Once the pictures have been excluded, set down each remaining entry word for word.

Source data
::::

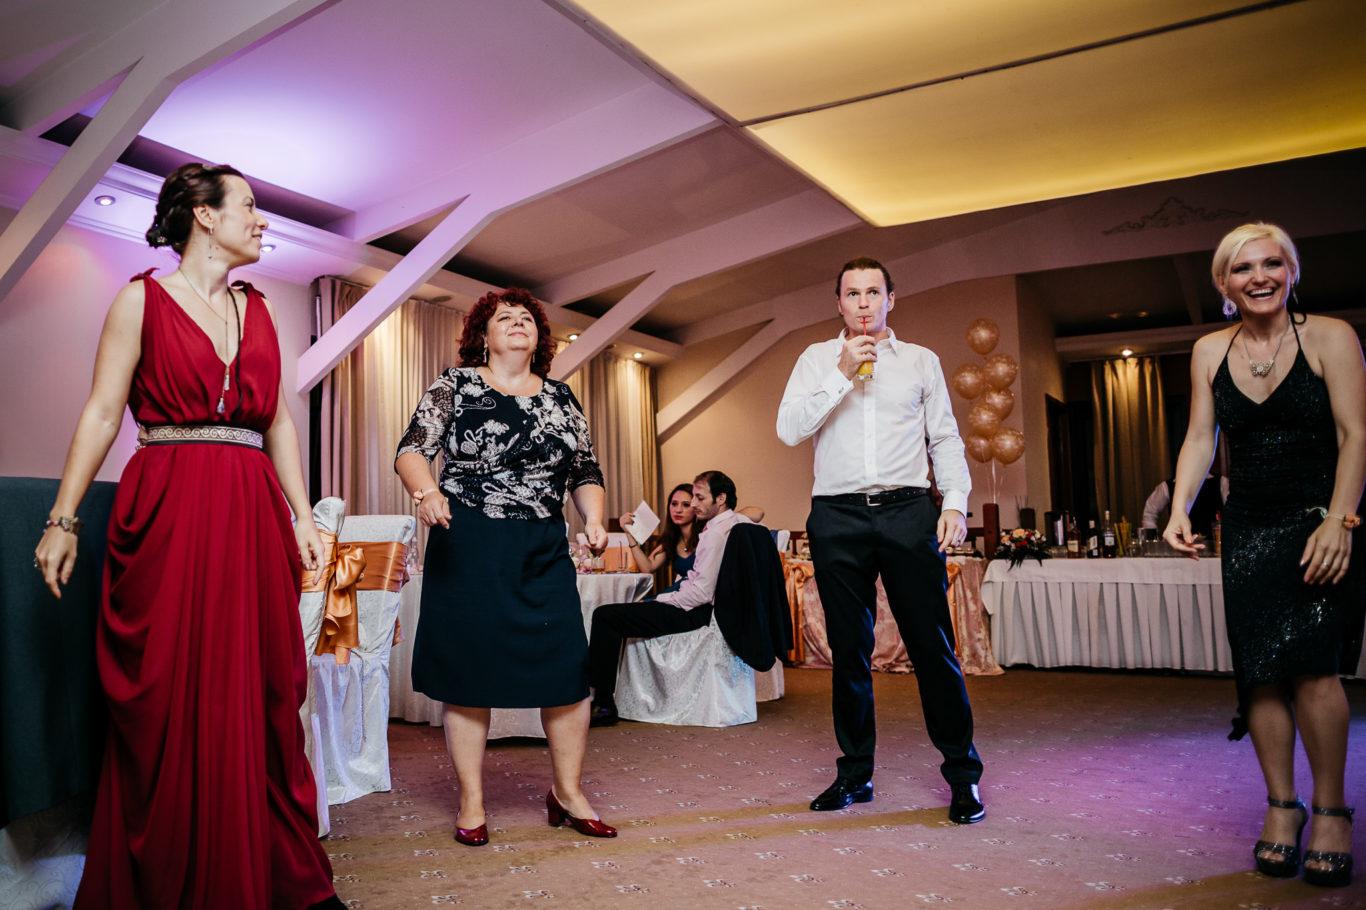 0709-fotografie-nunta-bucuresti-dana-radu-fotograf-ciprian-dumitrescu-dc1_4354
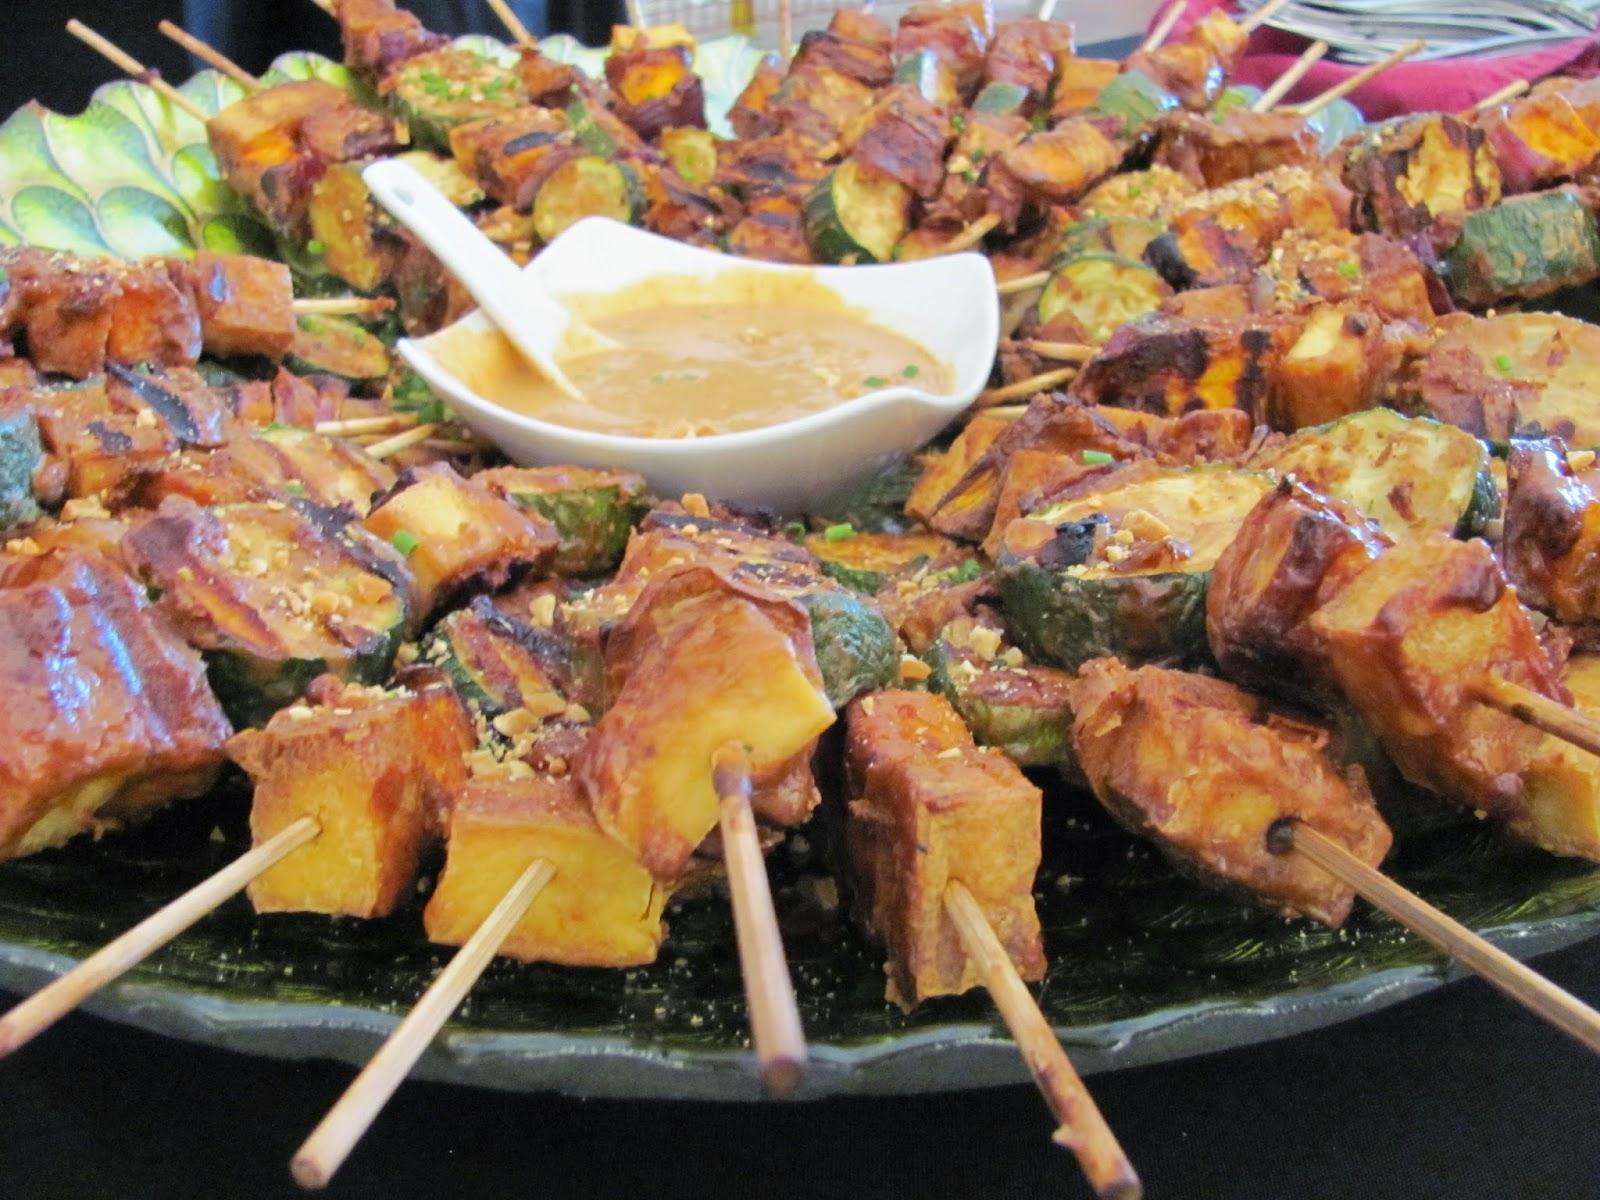 Gluten free vegan vegetarian catering denver
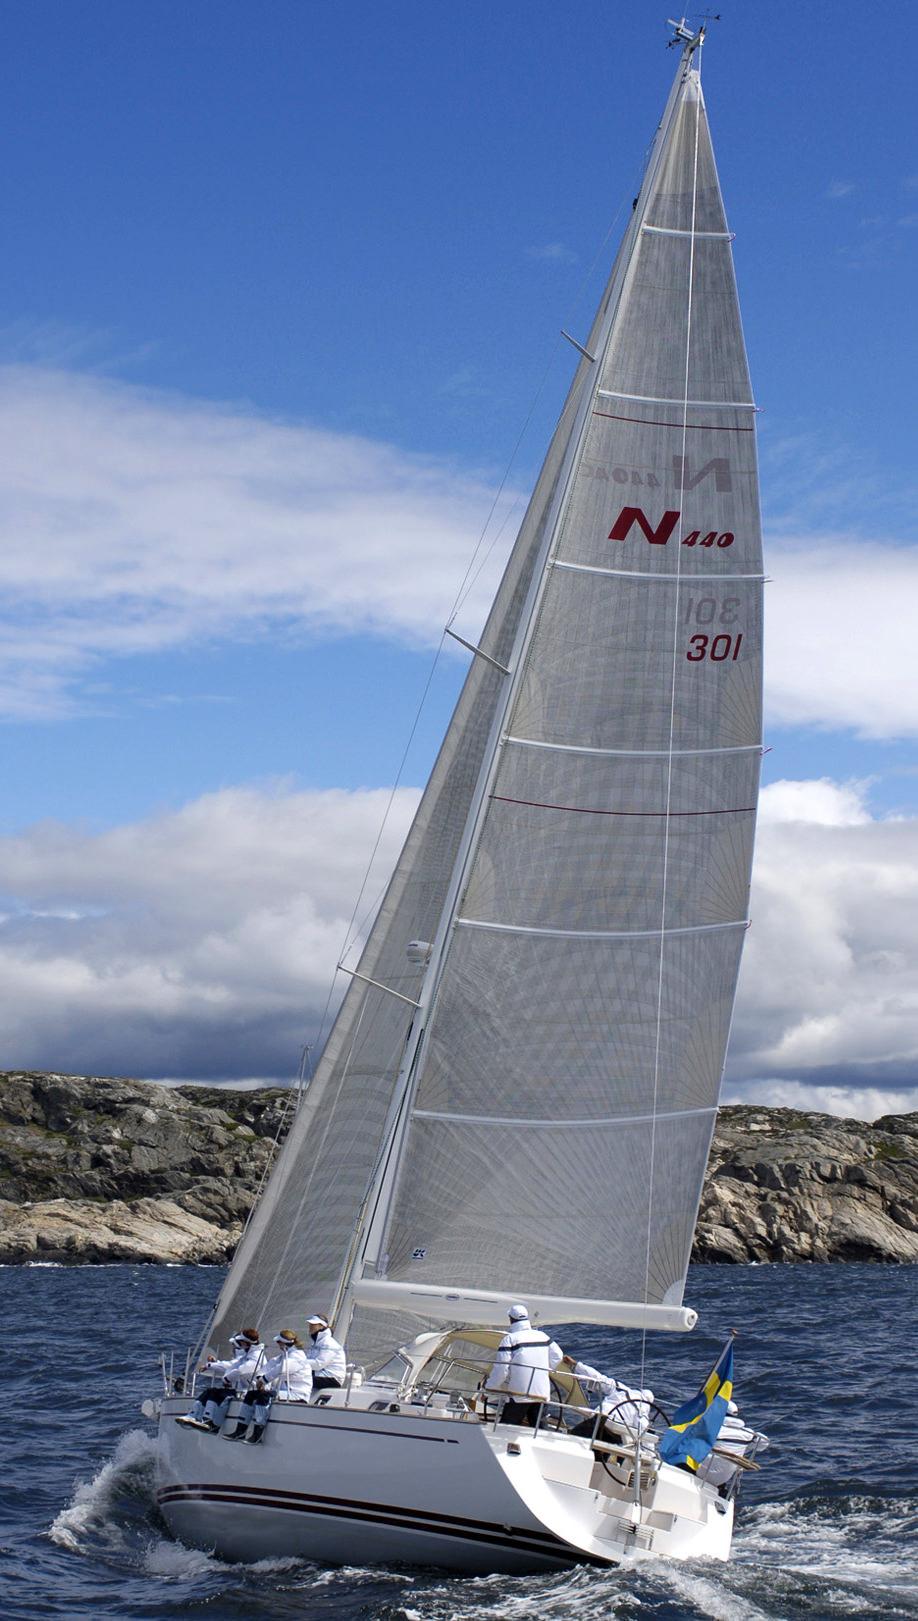 Titanium Double Taffeta fully battened mainsail.
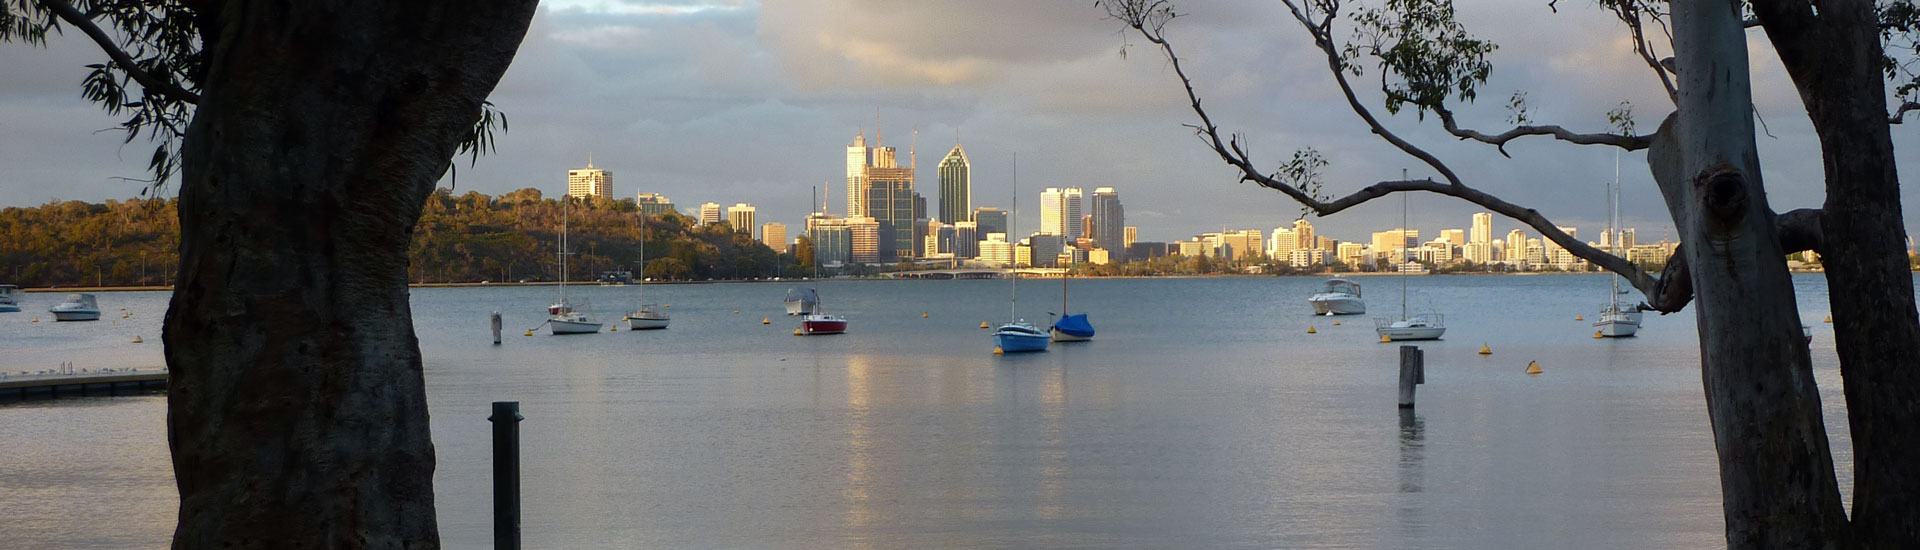 Perth-Slide-1
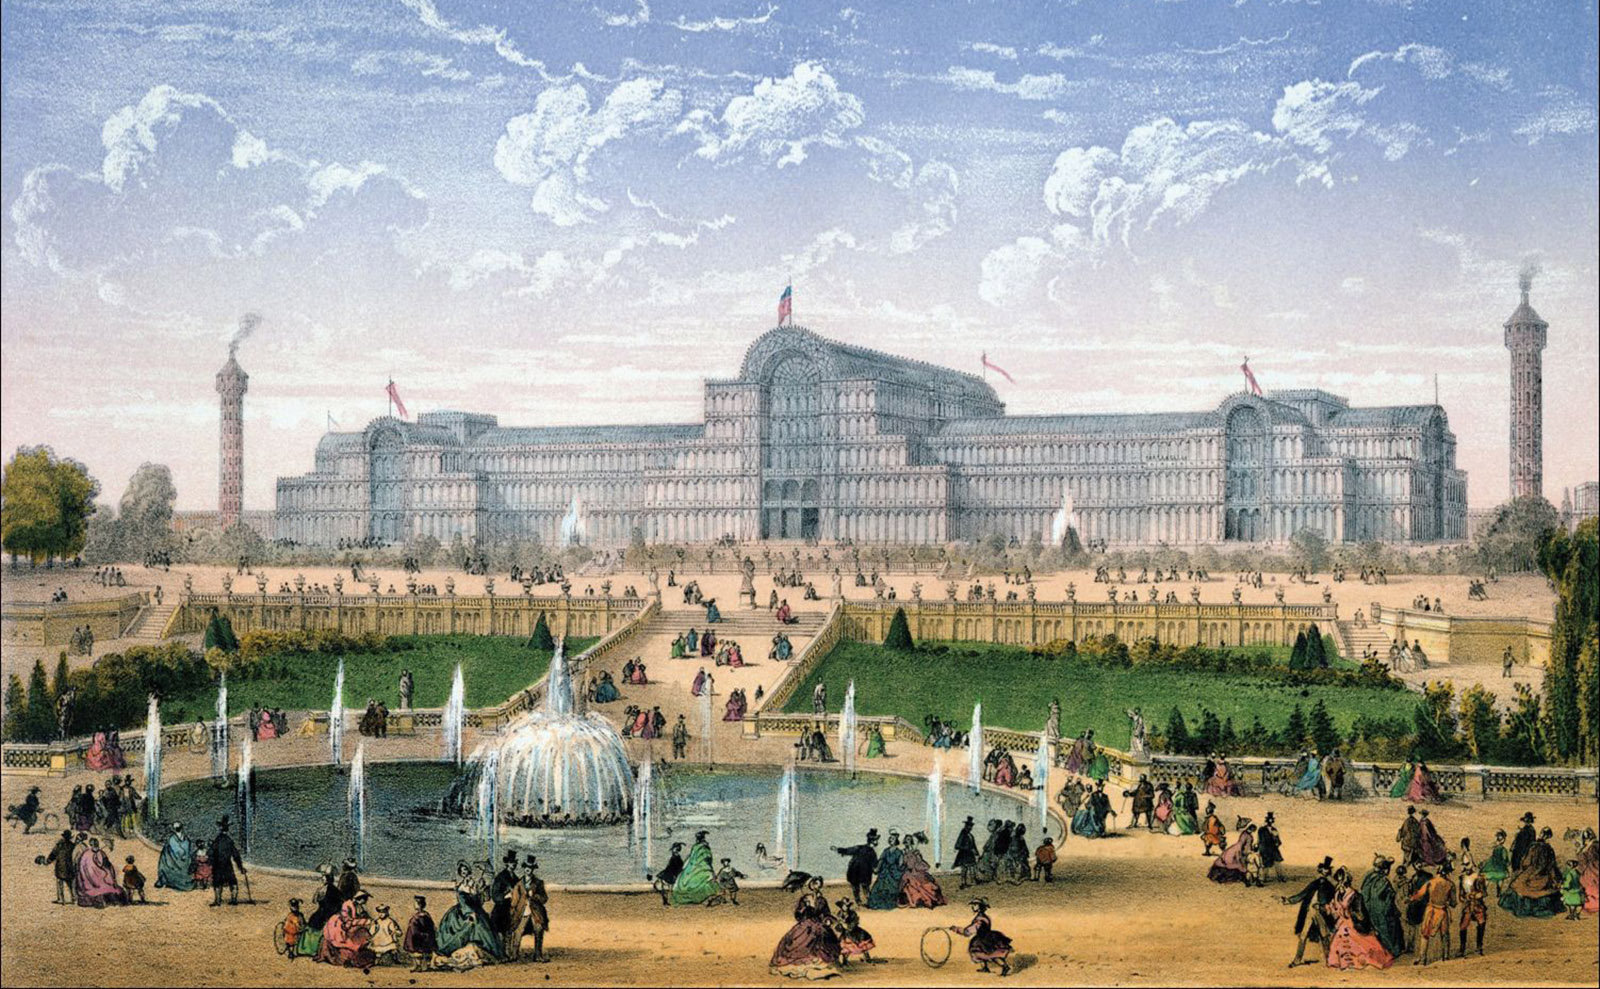 vintage postcard images of crystal palace

::::

* _Result_:
 0709-fotografie-nunta-bucuresti-dana-radu-fotograf-ciprian-dumitrescu-dc1_4354
 Gluten free vegan vegetarian catering denver
 Titanium Double Taffeta fully battened mainsail.
 Perth-Slide-1
 vintage postcard images of crystal palace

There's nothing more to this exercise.